Exercise brief :: No pictures, nothing altered: return the data below.

Material provided ::
▼
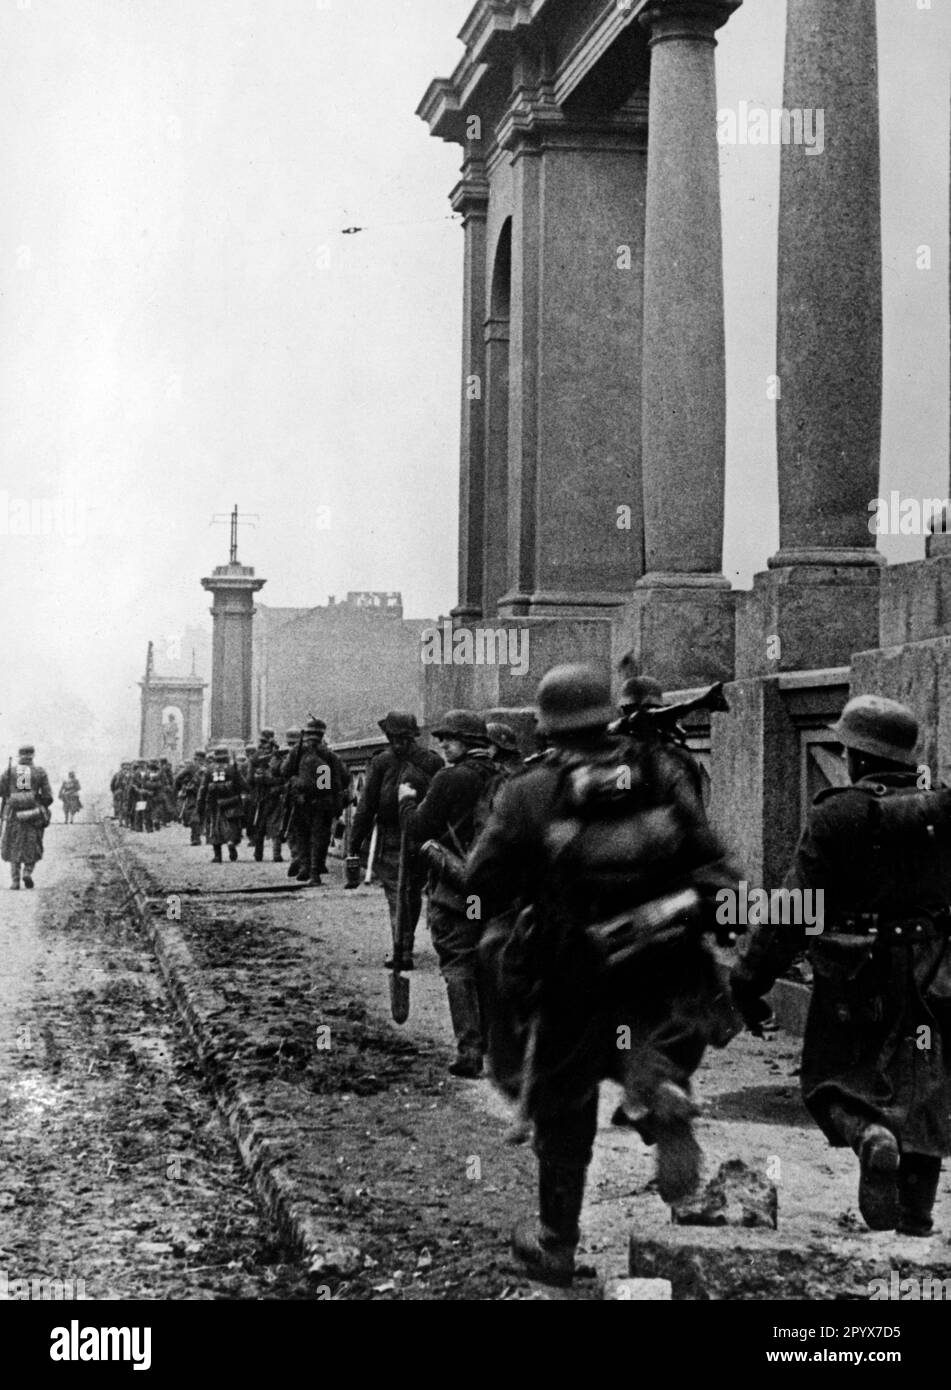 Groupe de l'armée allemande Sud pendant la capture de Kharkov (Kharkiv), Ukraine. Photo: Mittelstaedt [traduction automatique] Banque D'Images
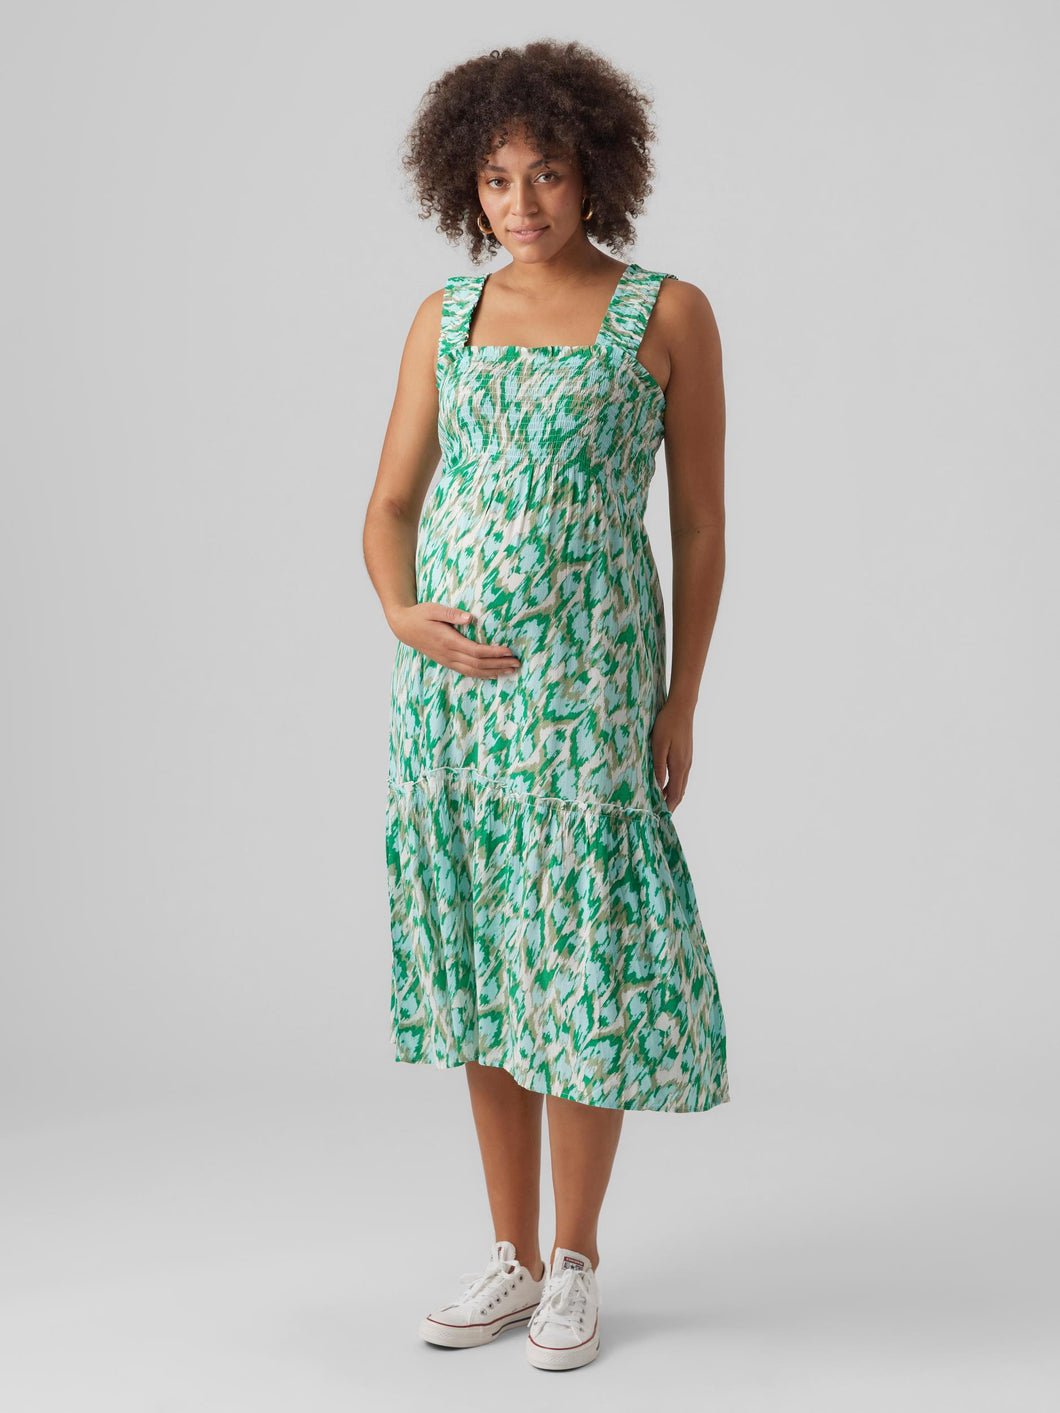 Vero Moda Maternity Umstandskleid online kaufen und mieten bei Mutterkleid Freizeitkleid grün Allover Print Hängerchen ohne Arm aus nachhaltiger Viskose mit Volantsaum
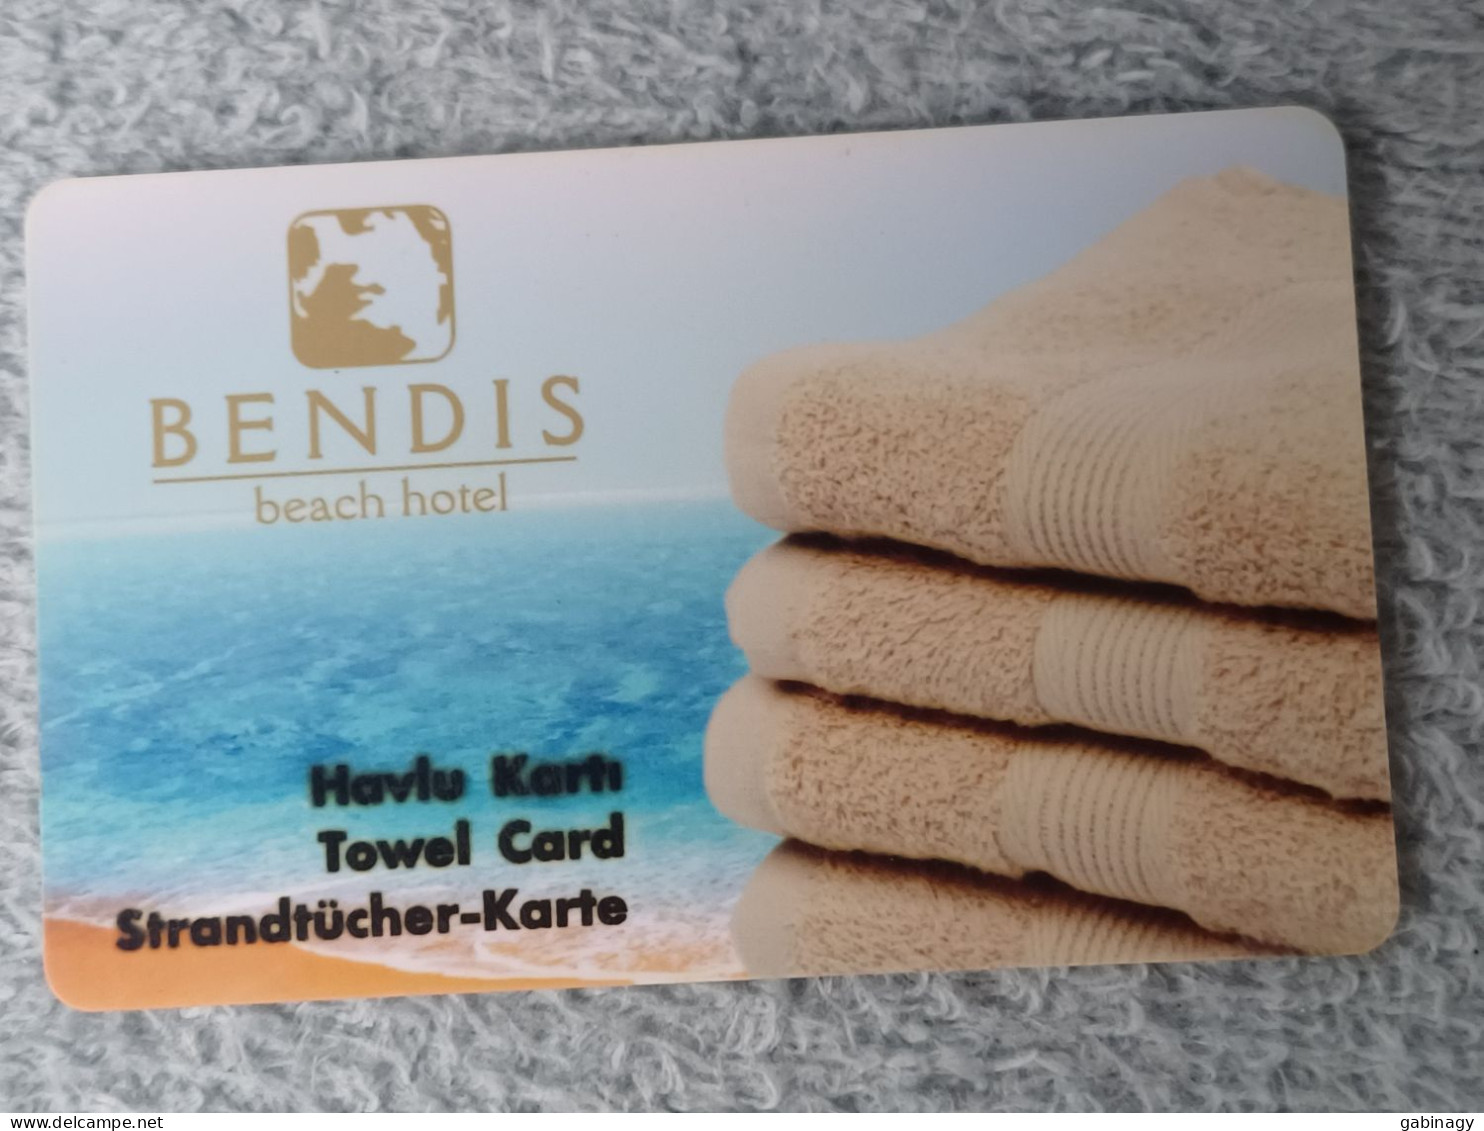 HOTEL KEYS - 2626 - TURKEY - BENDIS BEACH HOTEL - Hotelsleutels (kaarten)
▲
Task result ::
 Groupe de l'armée allemande Sud pendant la capture de Kharkov (Kharkiv), Ukraine. Photo: Mittelstaedt [traduction automatique] Banque D'Images
 Vero Moda Maternity Umstandskleid online kaufen und mieten bei Mutterkleid Freizeitkleid grün Allover Print Hängerchen ohne Arm aus nachhaltiger Viskose mit Volantsaum
 HOTEL KEYS - 2626 - TURKEY - BENDIS BEACH HOTEL - Hotelsleutels (kaarten)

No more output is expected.